← Back to context

Comment by tayo42

7 months ago

I'm naive on this topic but I would think they would do something like detect what the questions are about the load a relevant prompt instead of putting everything in like that?

> I'm naive on this topic but I would think they would do something like detect what the questions are about the load a relevant prompt instead of putting everything in like that?

So you think there should be a completely different AI model (or maybe the same model) with its own system prompt, that gets the requests, analyzes it, and chooses a system prompt to use to respond to it, and then runs the main model (which may be the same model) with the chosen prompt to respond to it, adding at least one round trip to every request?

You'd have to have a very effective prompt selection or generation prompt to make that worthwhile.

  • Not sure why you emphasizing a round trip request like these models aren't already taking a few seconds to respond? Not even sure that matters since these all run in the same datacenter, or you can atleast send requests to somewhere close.

    I'd probably reach for like embeddings though to find a relevant prompt info to include

    • > I'd probably reach for like embeddings though to find a relevant prompt info to include

      So, tool selection, instead of being dependent on the ability of the model given the information in context, is dependent on both the accuracy of a RAG-like context stuffing first and then the model doing the right thing given the context.

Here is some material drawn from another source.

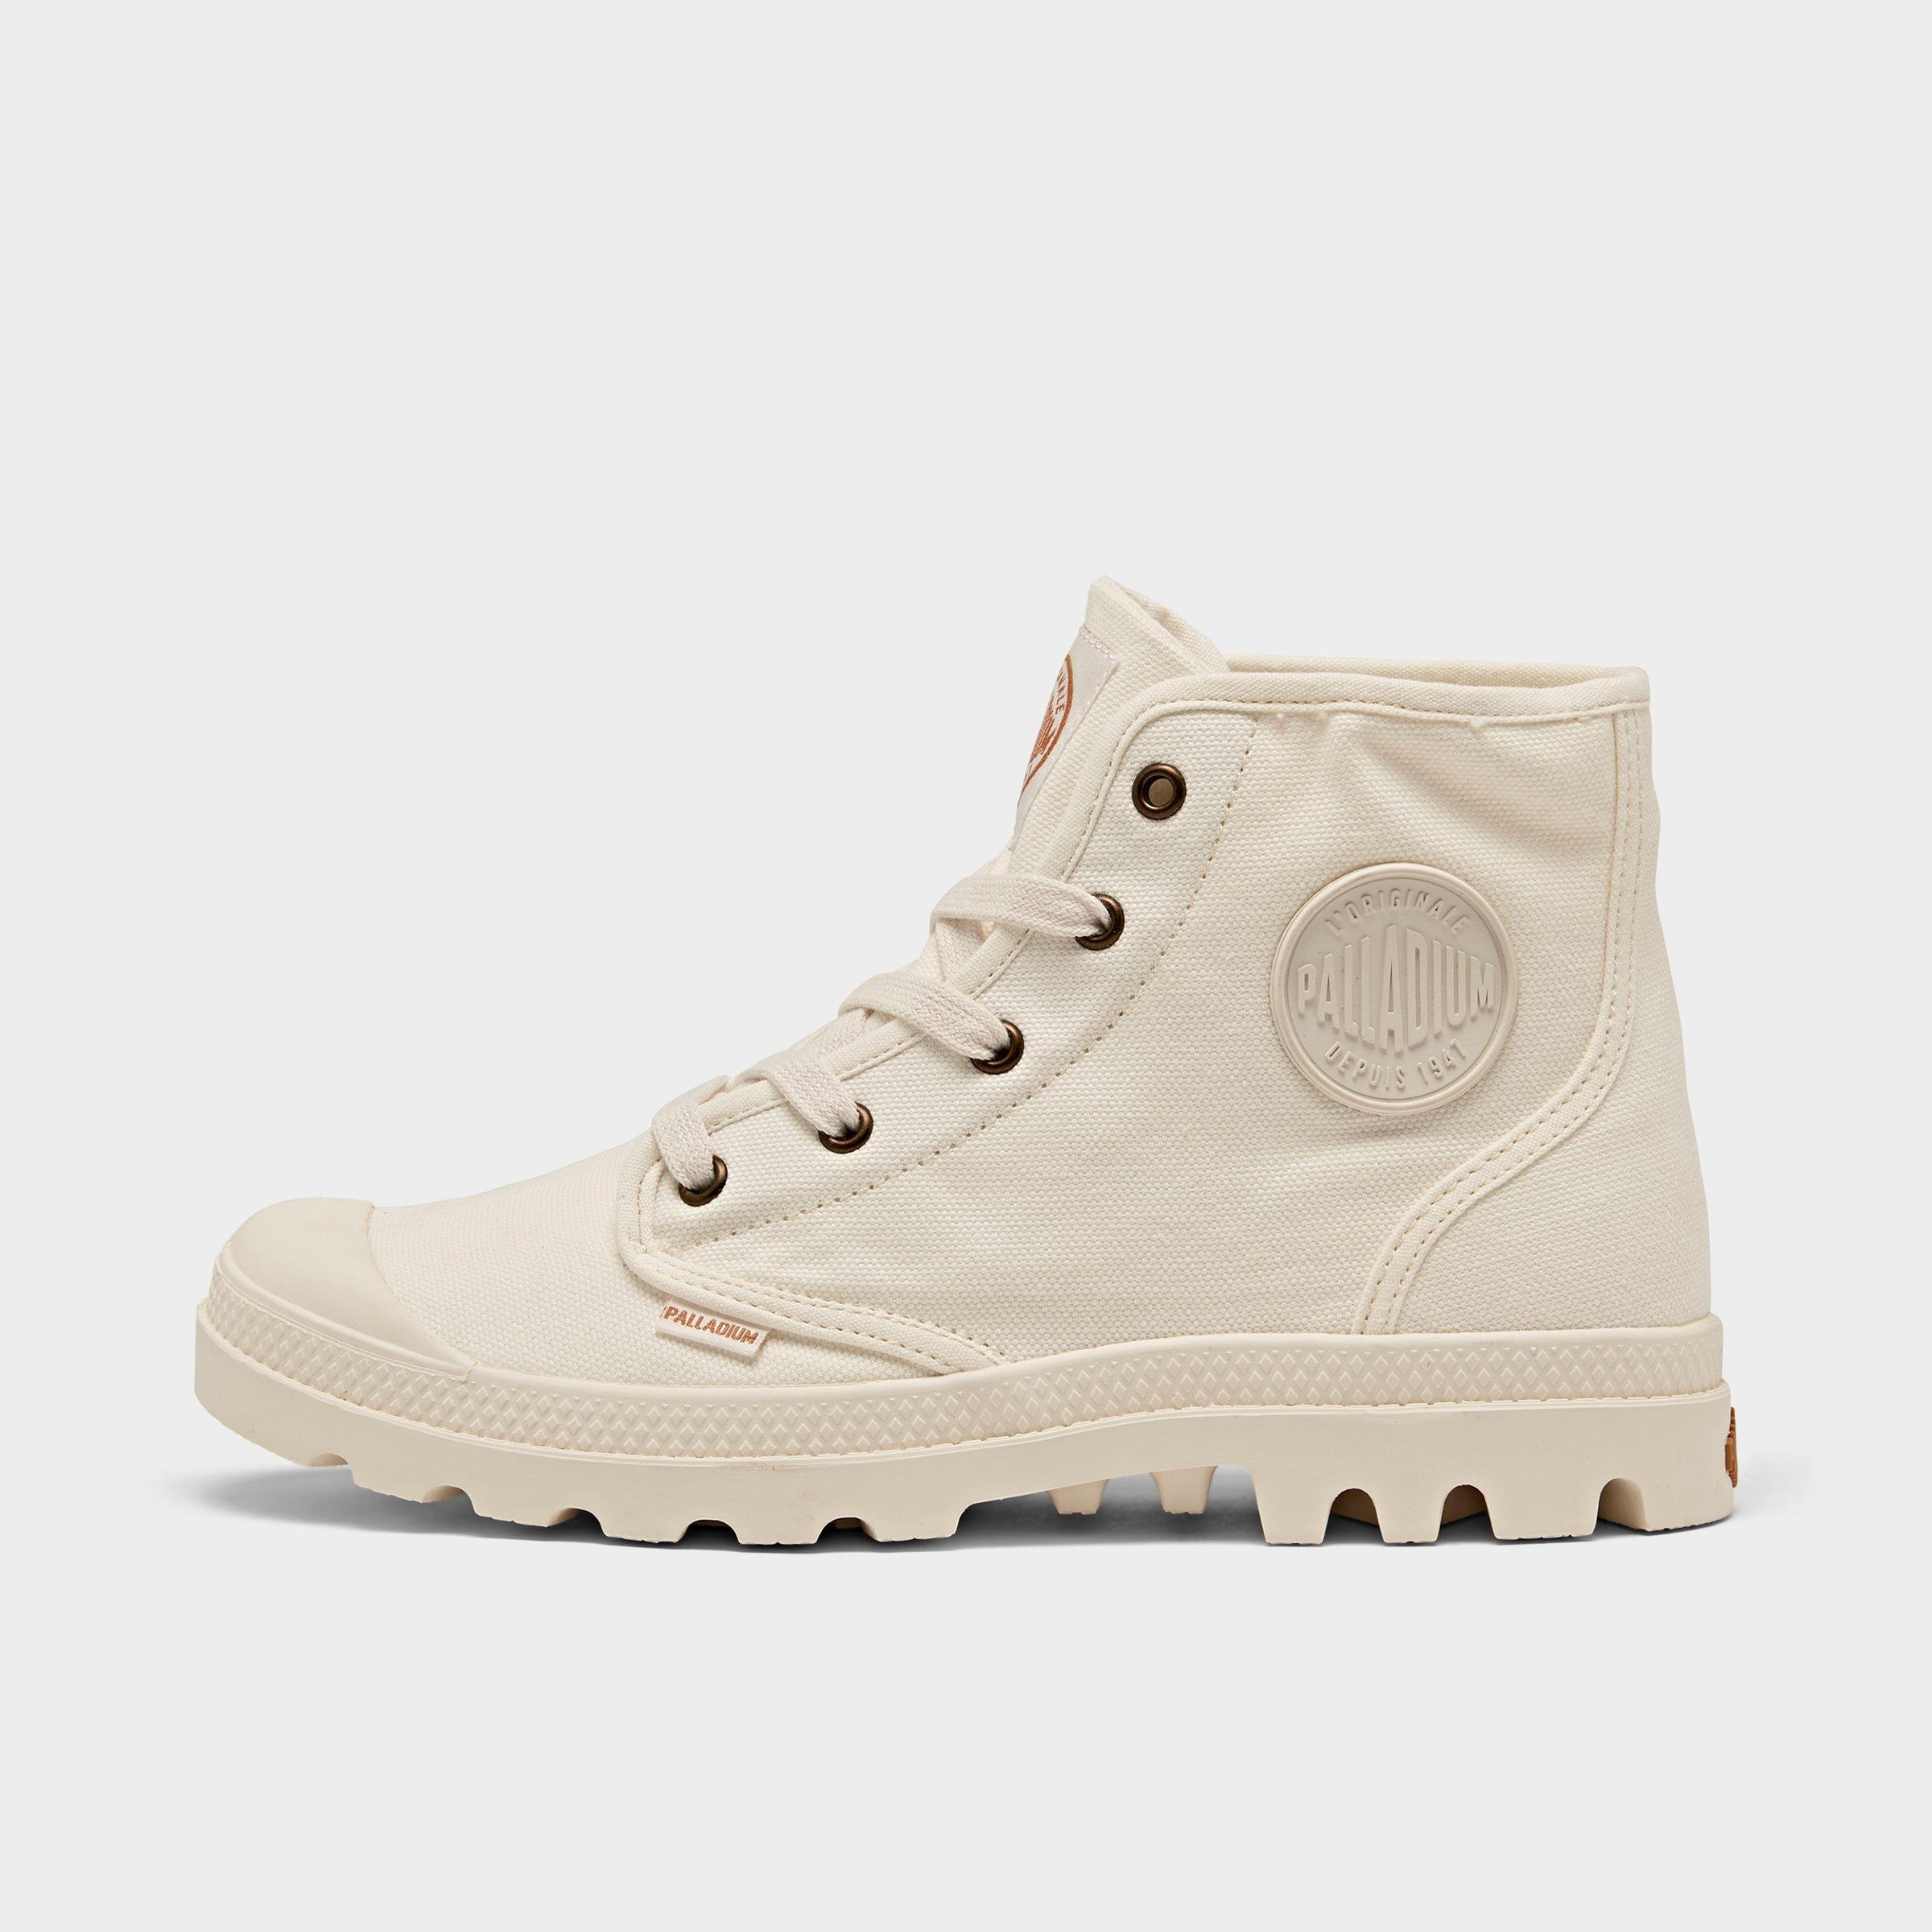 Palladium palladenim Boots Chaussures High Top Loisirs Sneaker Orion Blue 76230-451

      I can't imagine that the number of input prompt tokens you save doing that is going to ever warrant the output quality cost of reaching for a RAG-like workaround (and the size of the context window is such that you shouldn't have the probems RAG-like workarounds mitigate very often anyway, and because the system prompt, long as it is, is very small compared to the context window, you have a very narrow band where shaving anything off the system prompt is going to meaningfully mitigate context pressure even if you have it.)

      I can see something like that being a useful approach with a model with a smaller useful context window in a toolchain doing a more narrowly scoped set of tasks, where the set of situations it needs to handle is more constrained and so identify which function bucket a request fits in and what prompt best suits it is easy, and where a smaller focussed prompt is a bigger win compared to a big-window model like GPT-5.

      1 reply →

Router models exist, and do something like what you describe. They run one model to make a routing decision, and then feed the request to a matching model, and return its result. They're not popular, because they add latency, cost, and variance/nondeterminism. This is all hearsay, mind you.